Review: Paper Towns

By Christian DiMartino

John Green’s novels are wildly popular around the world (or, well, the US). I have never read one, because I have a life. But I know people who have, and love them. Hence why The Fault in Our Stars raked in as much cash as it did last year. People love that crap. People also like the novel Paper Towns, which leaves me to wonder: Did they actually pay attention?

Granted, the book and the film may be different. But I somehow get the vibe it is a faithful adaptation, and if that is the case, then this really proves what a writer Green is. I liked The Fault in Our Stars, but yet, I found the dialogue a tad pretentious. Paper Towns continues this, and to cringe-worthy results.

The trailers were corny, but I did not expect to hate this film as much as I did. The critics were a little more than generous to this film back in July. Maybe they were not looking at the big picture. Well, I did. Paper Towns is utter trash. It is a corny, pretentious, rambling, unconvincing, pointless, overlong, dull, and stupid piece of garbage.

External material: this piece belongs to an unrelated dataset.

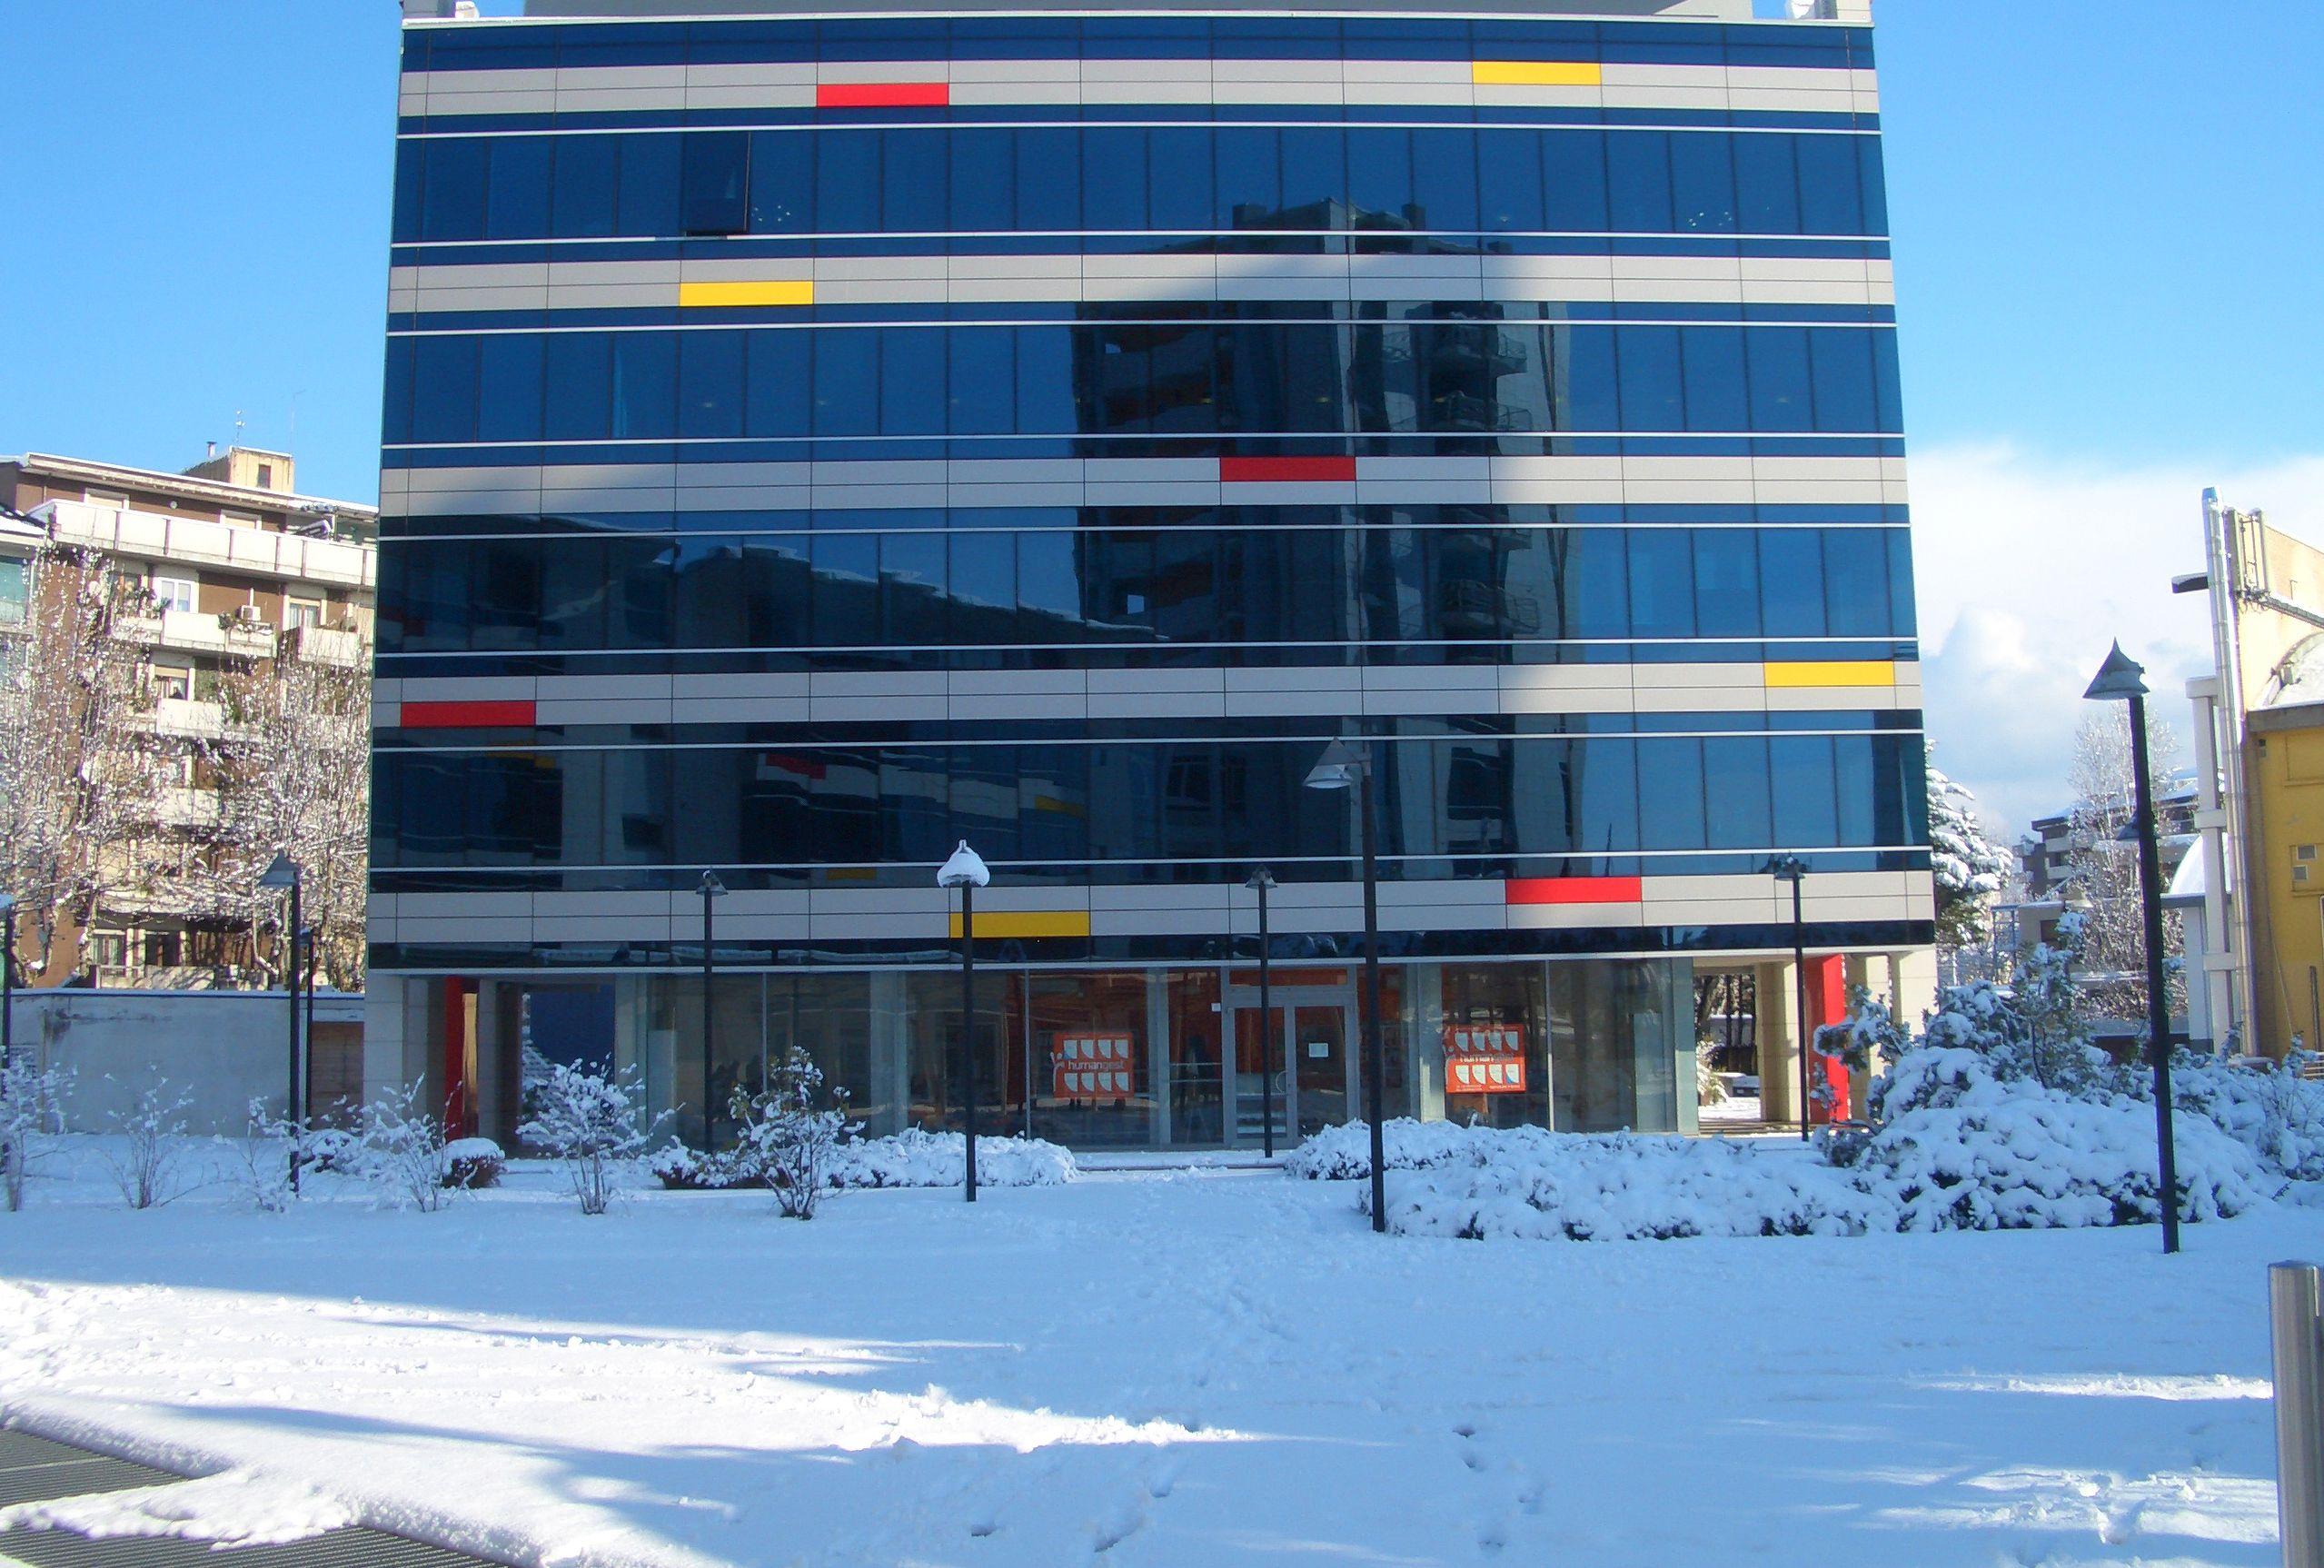 palazzetto-d-ambrosio-piazza-troilo-pescara-neve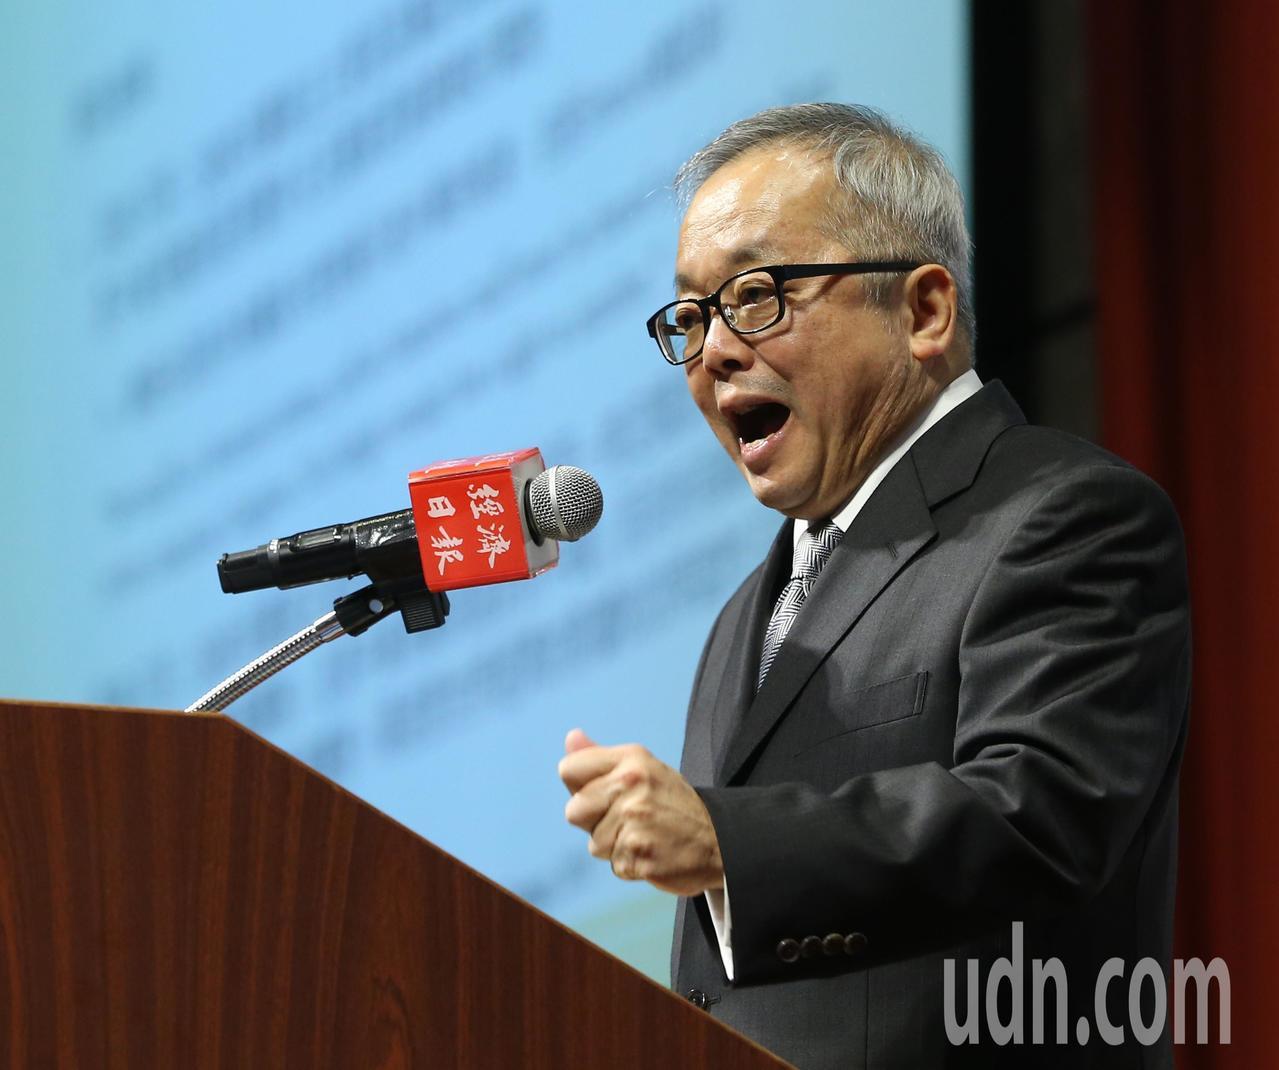 行政院副院長施俊吉上午出席「2019經濟投資展望論壇」。記者林澔一/攝影

The film revolves around a teenager named Quentin (Nat Wolff). Quentin has the hots for his neighbor, Margo (Cara Delevigne), a mysterious girl who… well, what do you say about her? Is there really much to say? She’s gone 75% of the movie. From what I gather, she is nothing but a stupid hipster douchebag, referring to herself as a “Paper Girl,” and I do not mean the kind that hands out newspapers. I do not know what I mean. I do not know what she means. Ah! It is stupid.

Anyways, the two have a past. She re-enters his life again one night, asking him to be a getaway driver or something. I do not know, but this portion of the film is kind of fun. Margo begins planning revenge schemes against those who screwed her over. I enjoy revenge, so I kind of enjoyed her schemes.

Jump forward to the next day and… she is gone, leaving behind vague clues as to where she is. Basically, what worked up to this point vanishes as quickly as Margo herself. The film also revolves around Quentin’s friends, who… well, I could not care less about. In fact, when these characters are in the face of danger (they nearly run over a cow), I had my fingers crossed that they would die, just so then the movie would end.

I am not going to continue with the plot. I do not have the energy. I do however have the energy to rant about how much I hate this movie (just enough energy). Let’s just get one thing straight: Teenagers DO NOT talk like this. Like ever. Trust me, I was one. Green’s dialogue will make you roll your eyes into your skull. His characters talk fancy, and I honestly just could not buy any of these characters as actual people. They are concepts.

I do admire its ending. Most movies give the people what they want. This one does not do that. However, it does defeat the purpose of the entire film.

Lastly, this is a film that is not as deep as it thinks it is. The dialogue could be to blame again, but nah. Let’s just blame Green. Paper Towns tries to persuade us into buying into its themes and ideas… but yet, I am not quite sure what those are. We are just supposed to believe it means something. I saw the film. It does not.

I have seen Green on videos. He is clearly intelligent… so intelligent that he wants to ram it down our throats until we gasp for air. It is probably not fair of me to judge him, since I have not read his work. But I think the film speaks for itself.

If you could not tell, I hated this movie. You Green fans can throw your pitchforks and your popcorn, I get it. But if you can tell me with a straight face that this movie is good, then… okay I have said enough.